• _MATERIAL PROVIDED_:
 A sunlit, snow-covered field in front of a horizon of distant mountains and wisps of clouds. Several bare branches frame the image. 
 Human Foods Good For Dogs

* * *

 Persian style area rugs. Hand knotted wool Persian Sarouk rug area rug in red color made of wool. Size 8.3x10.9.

--

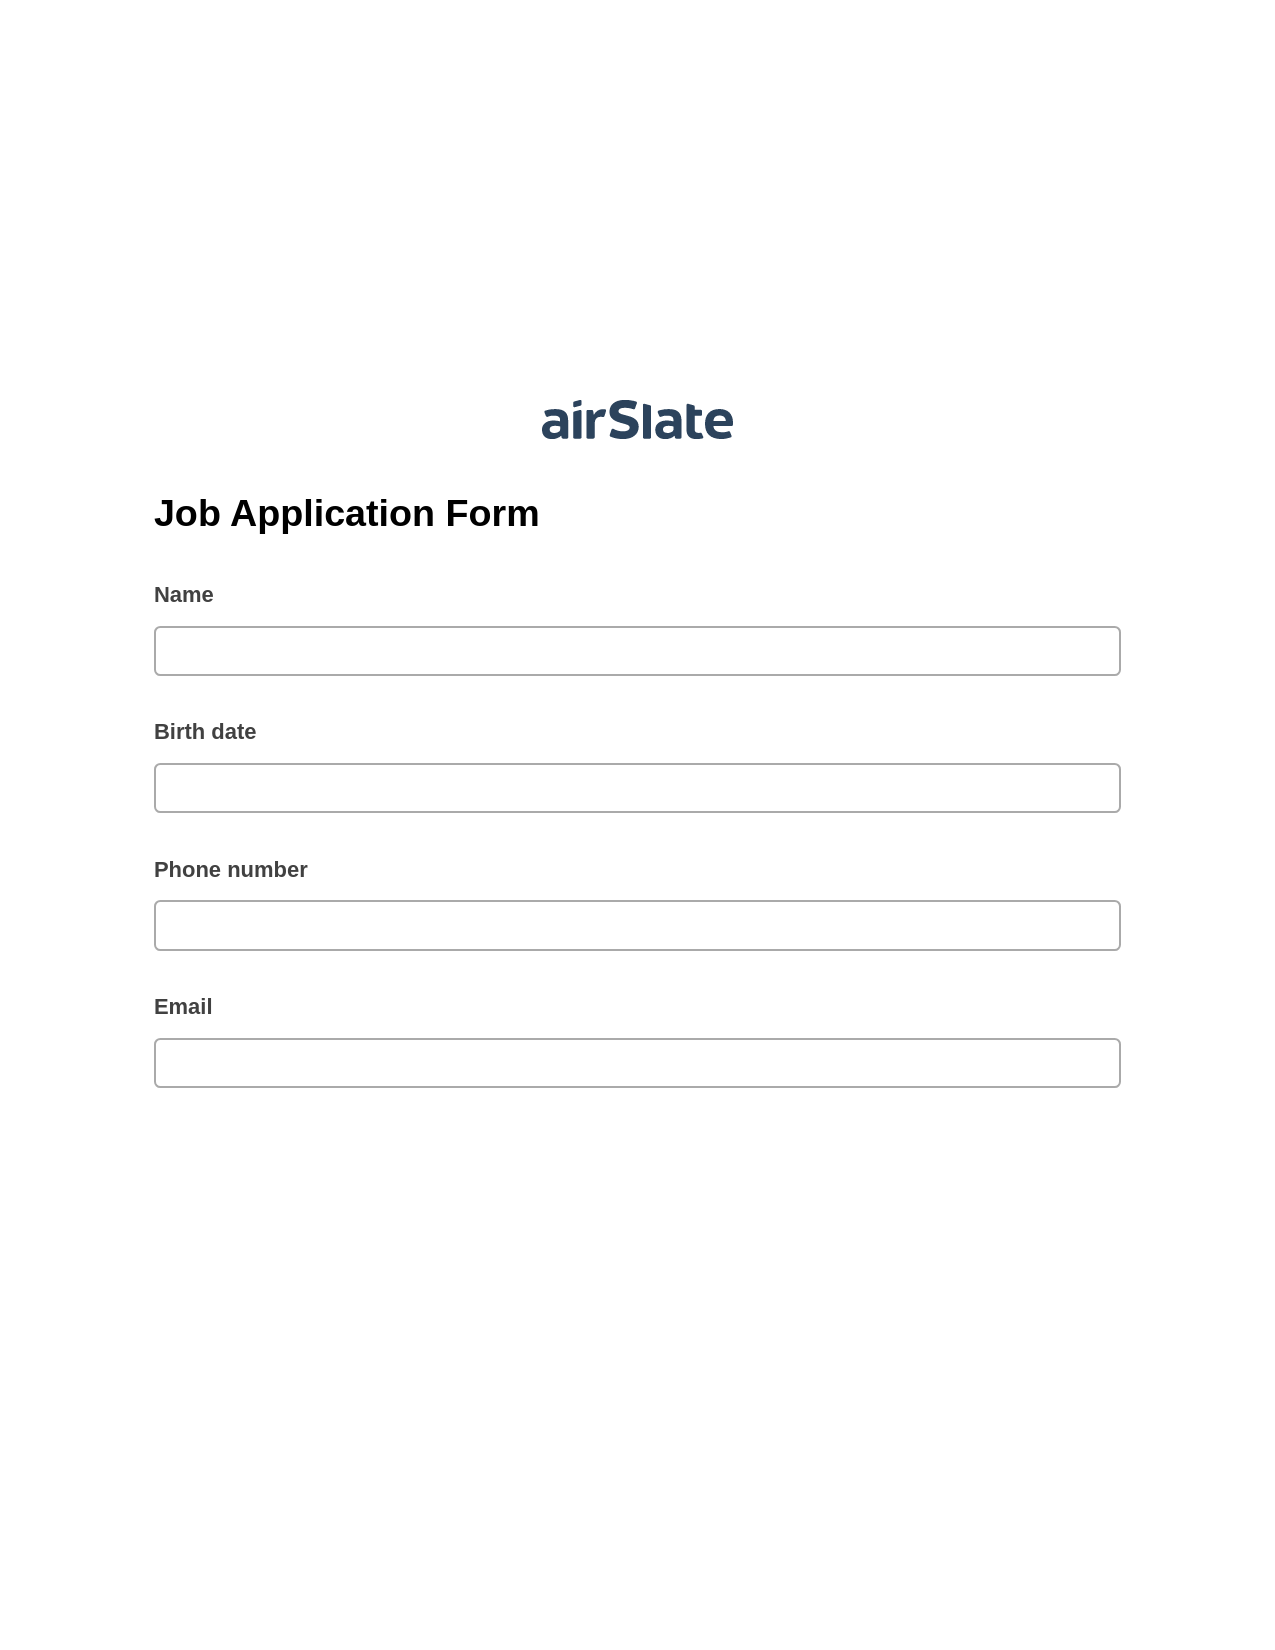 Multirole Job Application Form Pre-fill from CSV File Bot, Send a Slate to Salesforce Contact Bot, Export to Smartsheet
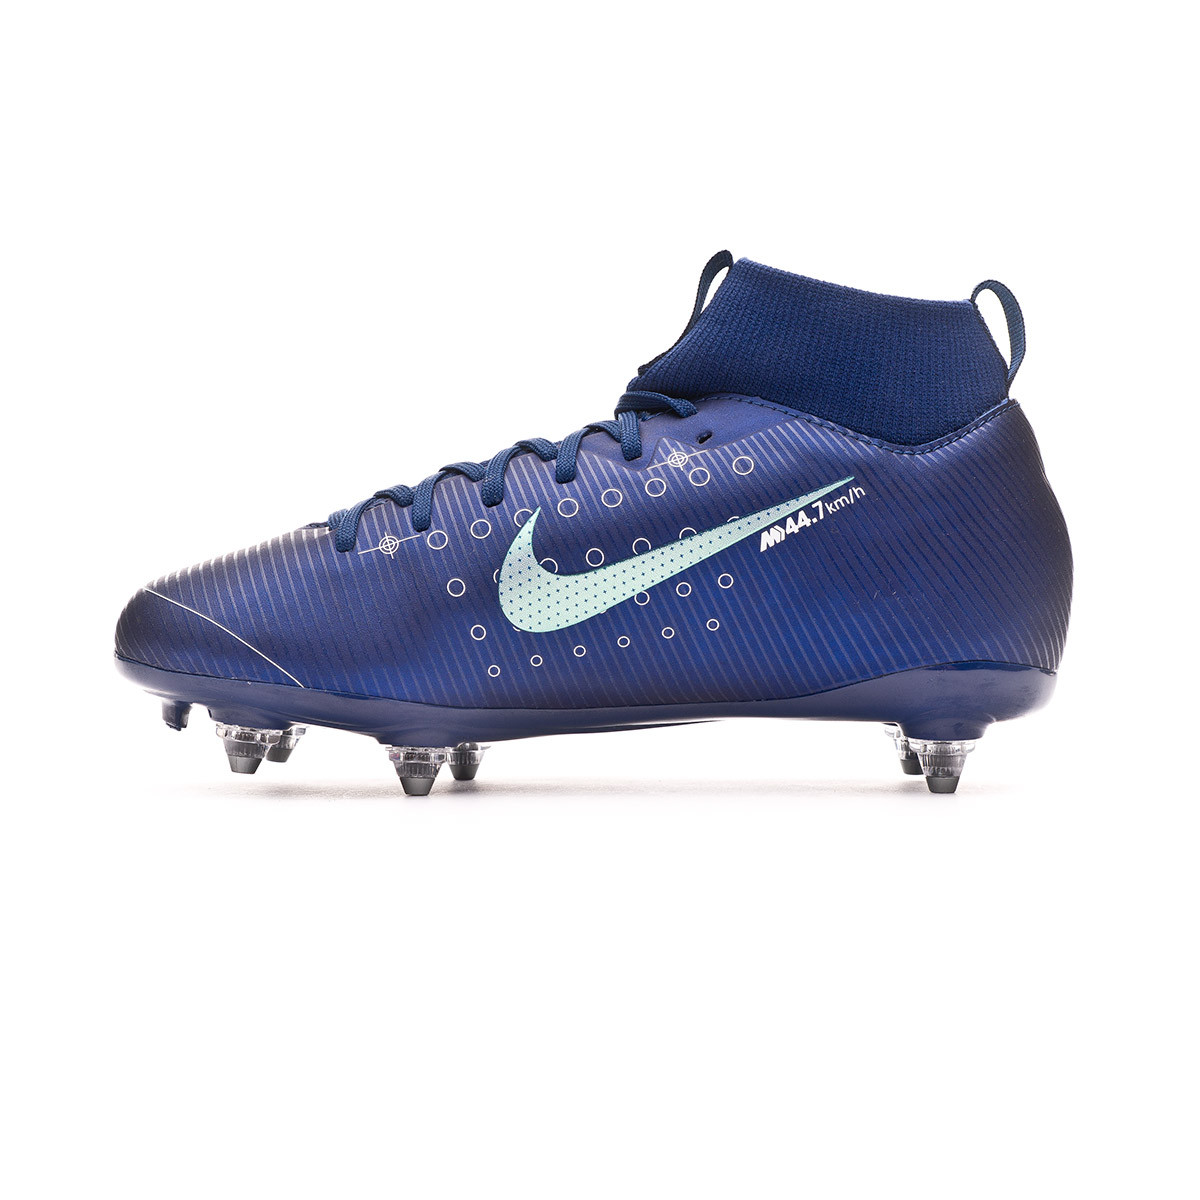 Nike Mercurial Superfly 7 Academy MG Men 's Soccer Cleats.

• _TASK TO CARRY OUT_: In the records above, everything from the line with "Multirole Job Application" down to the line with "Nike Mercurial Superfly" must be duplicated exactly, both lines kept. Leave no pictures in.

• _ANSWER SPACE_:
 Multirole Job Application Form Pre-fill from CSV File Bot, Send a Slate to Salesforce Contact Bot, Export to Smartsheet
 Nike Mercurial Superfly 7 Academy MG Men 's Soccer Cleats.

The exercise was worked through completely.